Britain’s UN ambassador, Barbara Woodward, called the images from Bucha “harrowing, appalling, probable evidence of war crimes and possibly a genocide” and said the security council needed “to think about how we deal with that”.

Speaking before he headed to Brussels for meetings of Nato and G7 foreign ministers, Antony Blinken, the US secretary of state, said: “What we’ve seen in Bucha is not the random act of a rogue unit. It’s a deliberate campaign to kill, to torture, to rape, to commit atrocities. The reports are more than credible. The evidence is there for the world to see. This reinforces our determination and the determination of countries around the world to make sure that one way or another, one day or another, there is accountability for those who committed these acts, for those who ordered them.”
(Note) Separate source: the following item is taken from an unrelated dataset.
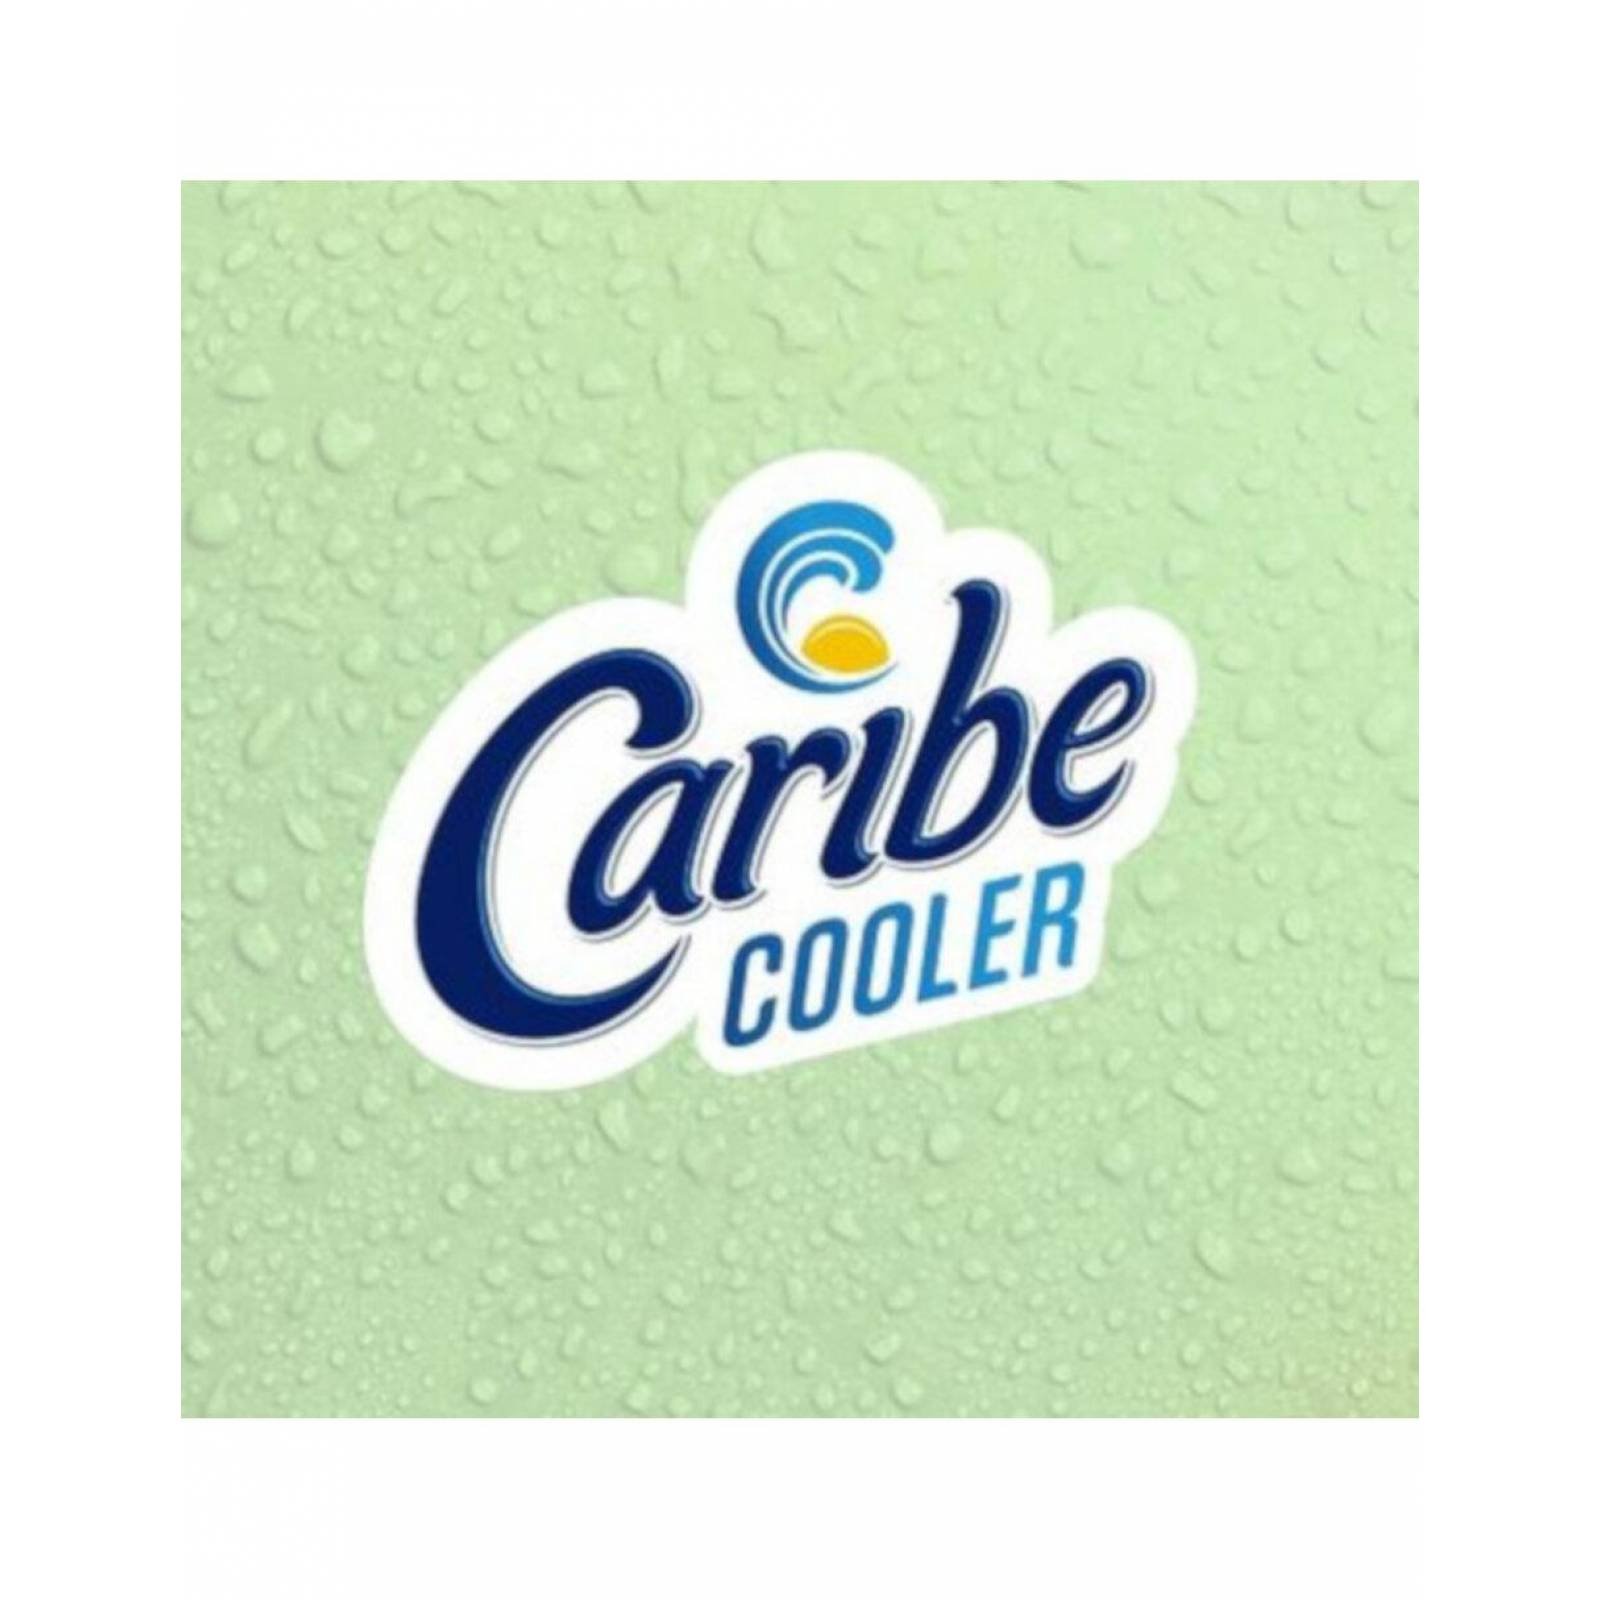 Pack de 24 Caribe Cooler Manzana Kiwi 300 ml

Peskov said remarks by Biden on Monday calling Putin “a war criminal” and demanding “a war crimes trial” were unacceptable and unworthy of a US president. The White House has also promised fresh sanctions on Moscow this week, and the US is seeking Russia’s suspension from the UN’s human rights council.

As Spain, Italy, Sweden and Denmark joined France and Germany in expelling dozens of Russian diplomats, Ursula von der Leyen, the European Commission president, on Tuesday outlined the bloc’s fifth package of sanctions, saying Moscow was waging a “cruel, ruthless war, also against Ukraine’s civilian population”.

The EU would impose an import ban on coal from Russia, a full transaction ban on key Russian banks, a ban on Russian vessels accessing EU ports, and a ban on Russian and Belarusian road transport operators, among other measures, she said.

The EU sanctions did not include cutting off Russian oil and gas imports. Russia supplies about a third of Europe’s gas and several EU countries are still reluctant to impose measures that could touch off a European energy crisis, despite Putin’s efforts to use energy as a lever to fight back against western sanctions.

Europe’s worst conflict in decades, which began with Russia’s invasion on 24 February, has killed 20,000 people, according to Ukrainian estimates. The UN refugee agency has said more than 4.2 million refugees had fled the country, while the International Organization for Migration said nearly 6.5 million people were internally displaced.